The remaining six papers address a variety of important problems in other areas of bioinformatics. Xu, Xu and Olman bring us to the crown jewel of biopolymer research -- the protein folding problem, i.e., the prediction of the three-dimensional fold of a protein molecule based on its sequence information. Despite its fundamental importance in molecular biology, and many years of vigorous attacks from leading scientists, this problem is still largely unsolved. For practical structure prediction, it has been shown that the statistically-based threading method is a more effective alternative than the classical molecular simulation method. This method ``threads'' the given protein sequence into a set of known structural templates (constructed based on proteins with known structures) and finds the most suitable sequence-template fit. Xu, Xu and Olman describe an enlightening neural-network approach for assessing the reliability of the prediction results from such threading methods. Ye presents a Bayesian algorithm for predicting secondary structures of a RNA moledule.

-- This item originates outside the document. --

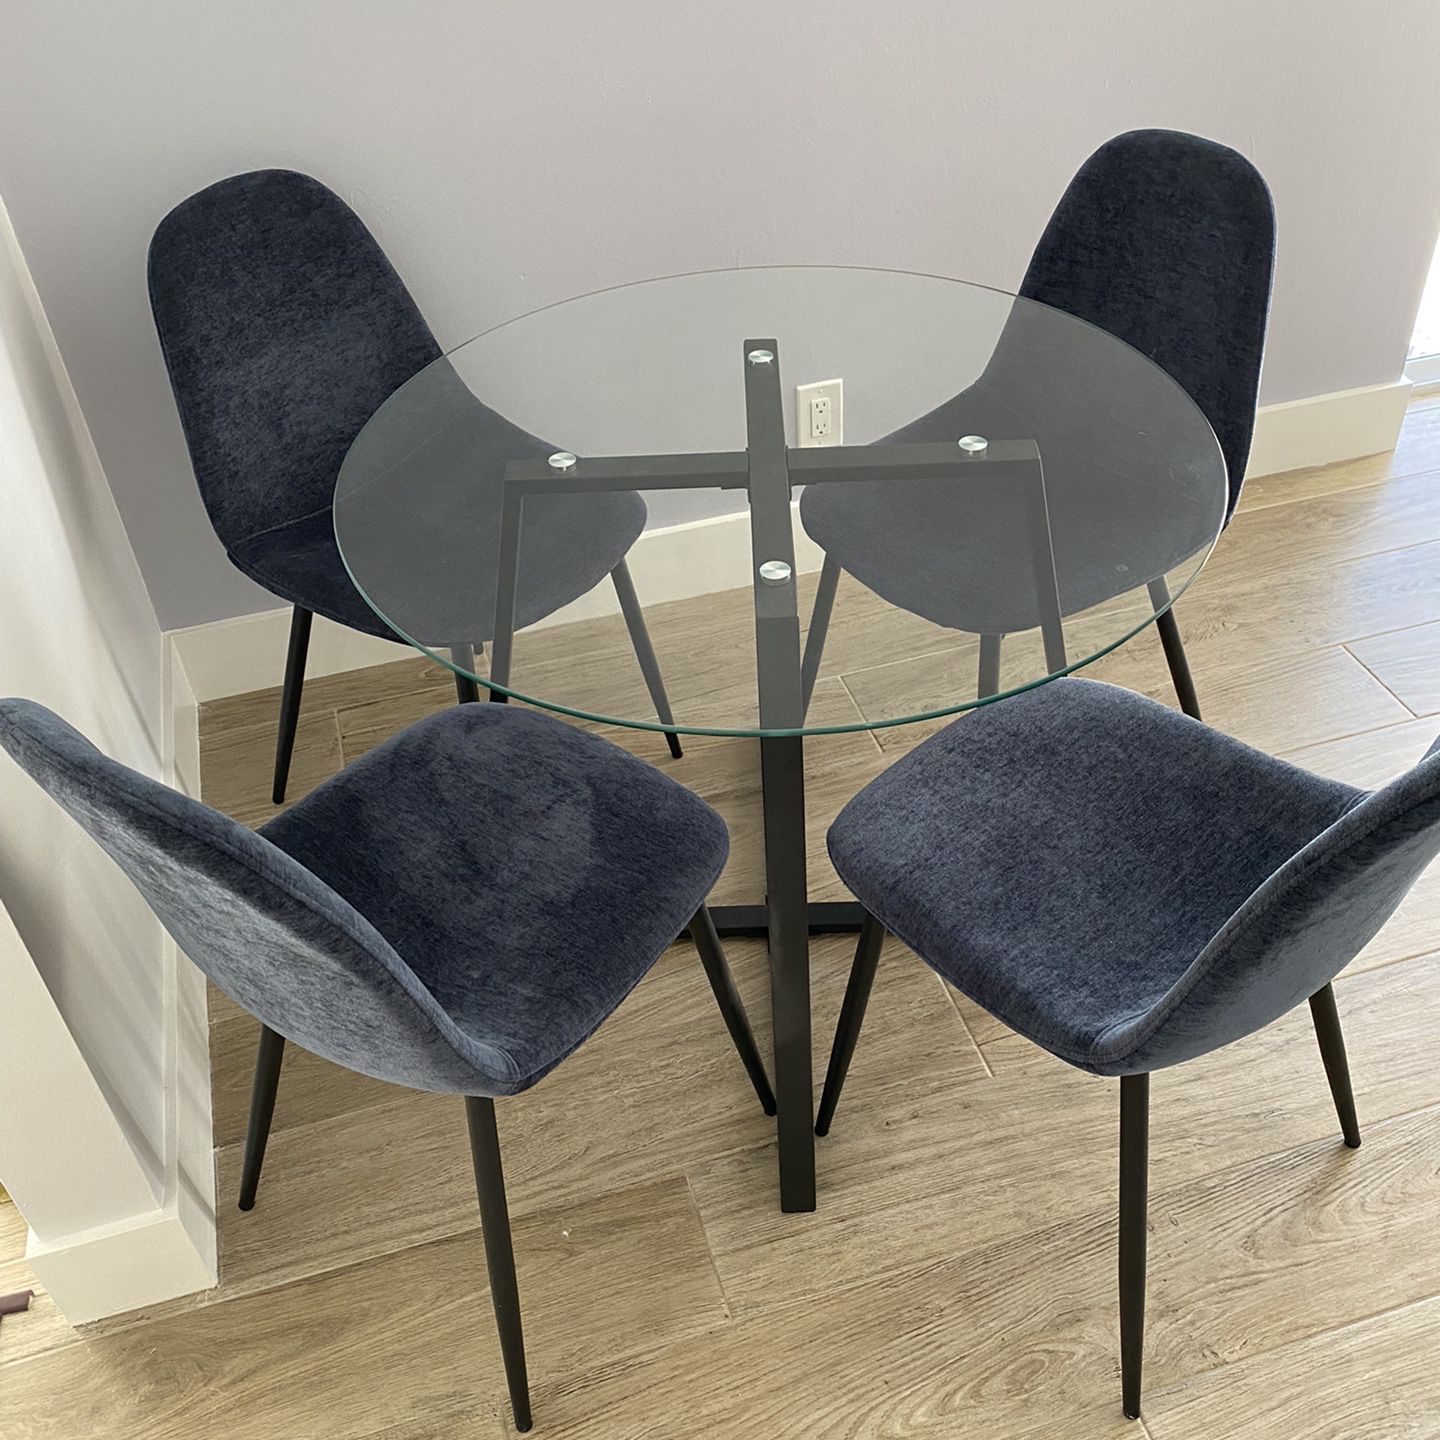 4 person Dining Table & Chair Set

It is demonstrated that statistical thinking is key to a proper view of these more flexible (compared to proteins) molecules -- the ensemble of posterior samples of the structure reveals more important information than the optimal (single) structure prediction with the lowest energy. It is also shown that these posterior draws can be effectively used in designing antisense oligonudleotides for blocking the expression of a target gene. Li introduces a set of sophisticated statistical models for analyzing DNA sequencing data, which promises to reduce the base-calling error by orders of magnitude, an important step toward genome-based individualized medicine.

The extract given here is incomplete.